Spring Beans in Processes
Limit the exposed Spring Beans
When using the ProcessEngineFactoryBean
, by default, all expressions and scripts in the BPMN processes will also “see” all the Spring beans. It’s possible to limit the beans you want to expose or even expose no beans at all using a map that you can configure. The example below exposes a single bean (printer), available to use under the key printer
. To expose NO beans at all, pass an empty map as beans
property on the SpringProcessEngineConfiguration
. When no beans
property is set, all Spring beans in the context will be available.

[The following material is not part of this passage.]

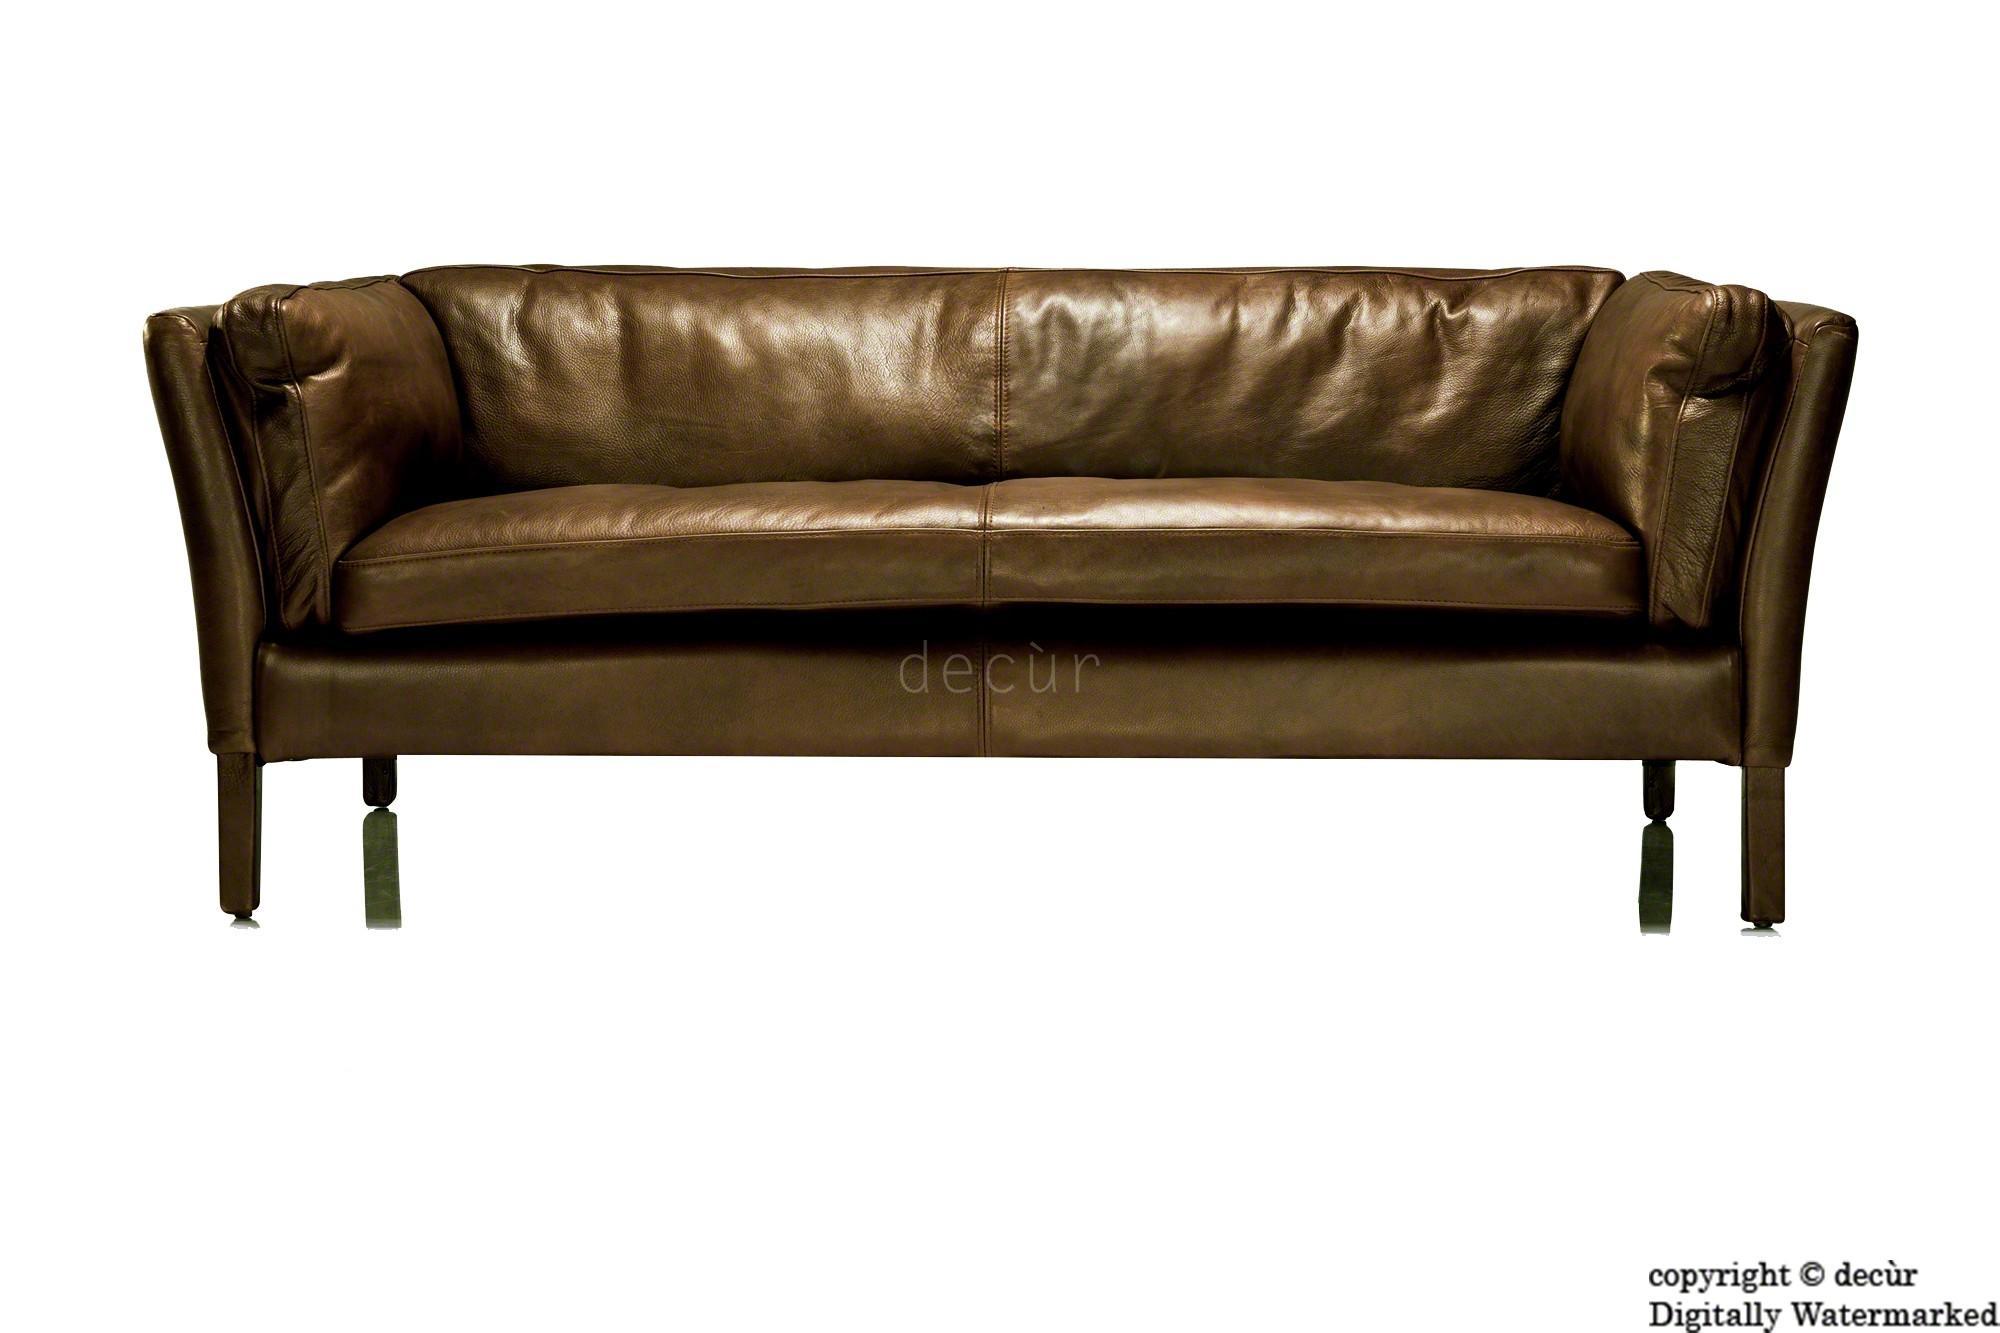 Bespoke Designer Sofas, Footstools, Bespoke Footstools, Bespoke With Regard To Savoy Leather Sofas (View 12 of 20)
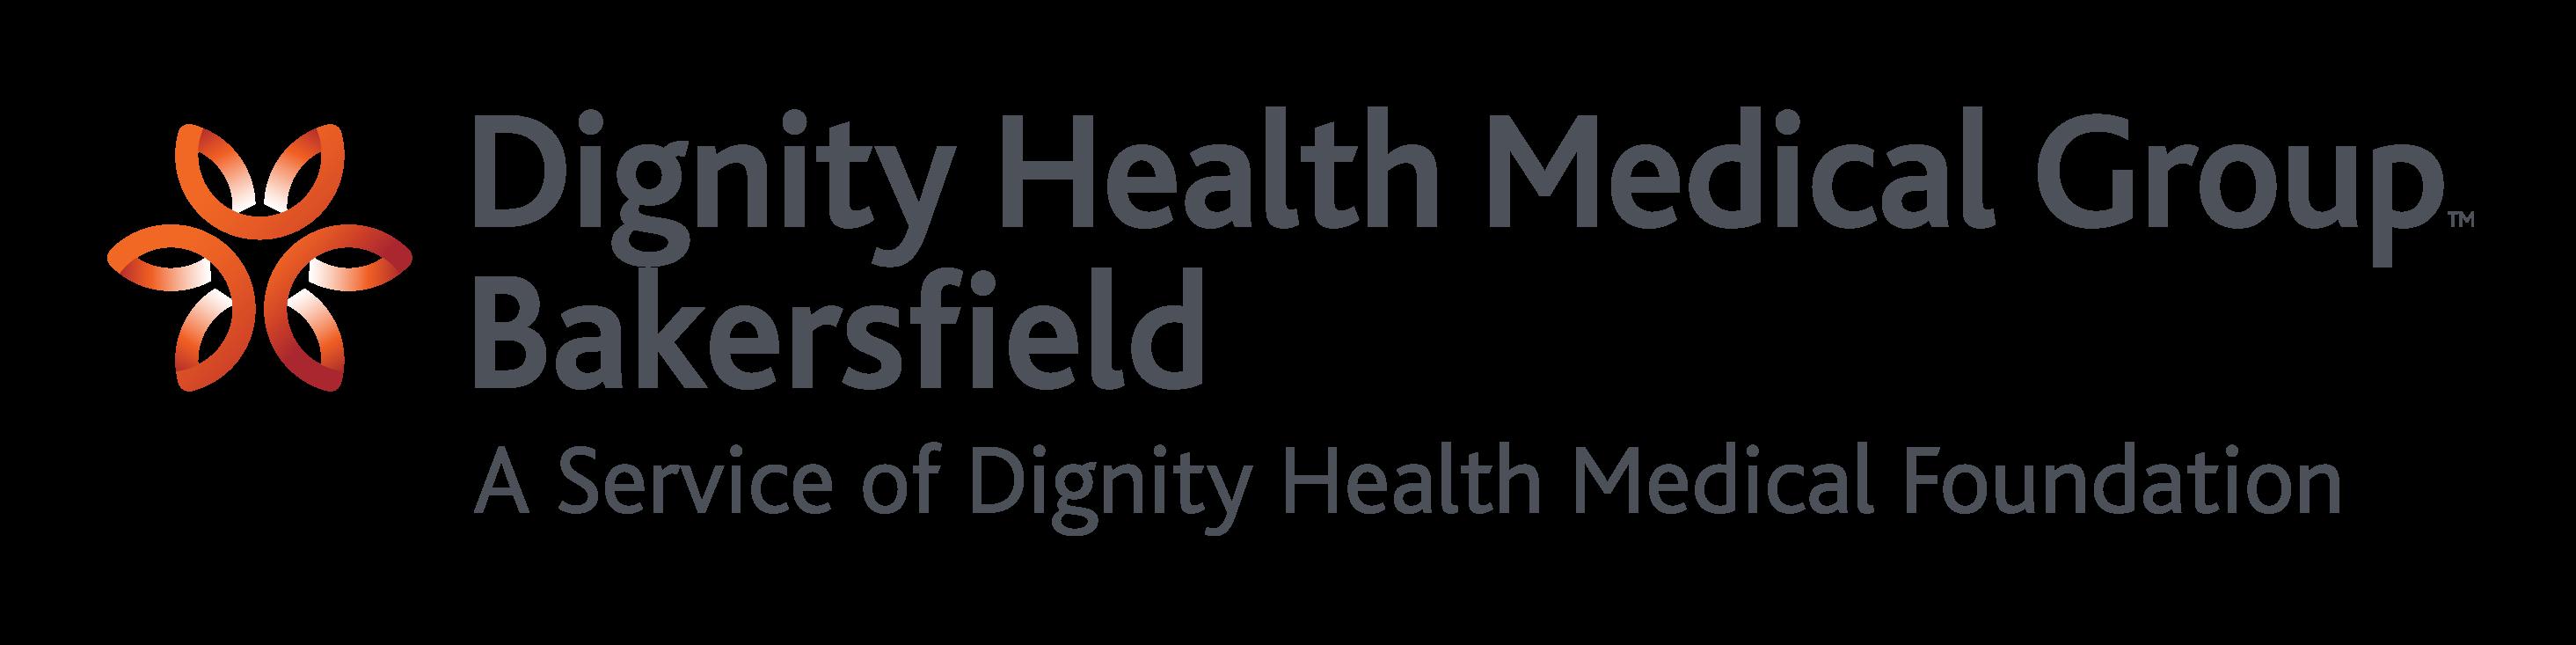 Dignity Health Bakersfield

<bean id="processEngineConfiguration"
class="org.camunda.bpm.engine.spring.SpringProcessEngineConfiguration">
...
<property name="beans">
<map>
<entry key="printer" value-ref="printer" />
</map>
</property>
</bean>
<bean id="printer"
class="org.camunda.bpm.engine.spring.test.transaction.Printer" />
Using Spring Beans in expressions
The exposed beans can be used in expressions. For example, the SpringTransactionIntegrationTest
testBasicActivitiSpringIntegration.bpmn20.xml
shows how a method on a Spring bean can be invoked using a UEL method expression:
<definitions id="definitions" ...>
<process id="helloProcess" isExecutable="true">
<startEvent id="start" />
<sequenceFlow id="flow1" sourceRef="start" targetRef="print" />
<serviceTask id="print"
camunda:expression="#{printer.printMessage(execution)}" />
<sequenceFlow id="flow2" sourceRef="print" targetRef="userTask" />
<userTask id="userTask" />
<sequenceFlow id="flow3" sourceRef="userTask" targetRef="end" />
<endEvent id="end" />
</process>
</definitions>
Where Printer looks like this:
public class Printer {
public void printMessage(ActivityExecution execution) {
execution.setVariable("myVar", "Hello from Printer!");
}
}
And the Spring bean configuration (also shown above) looks like this:
<beans ...>
...
<bean id="printer"
class="org.camunda.bpm.engine.spring.test.transaction.Printer" />
</beans>
Expression resolving with the shared process engine
In a shared process engine deployment scenario, you have a process engine which dispatches to multiple applications. In this case, there is not a single Spring application context but each application may maintain its own application context. The process engine cannot use a single expression resolver for a single application context but must delegate to the appropriate process application, depending on which process is currently being executed.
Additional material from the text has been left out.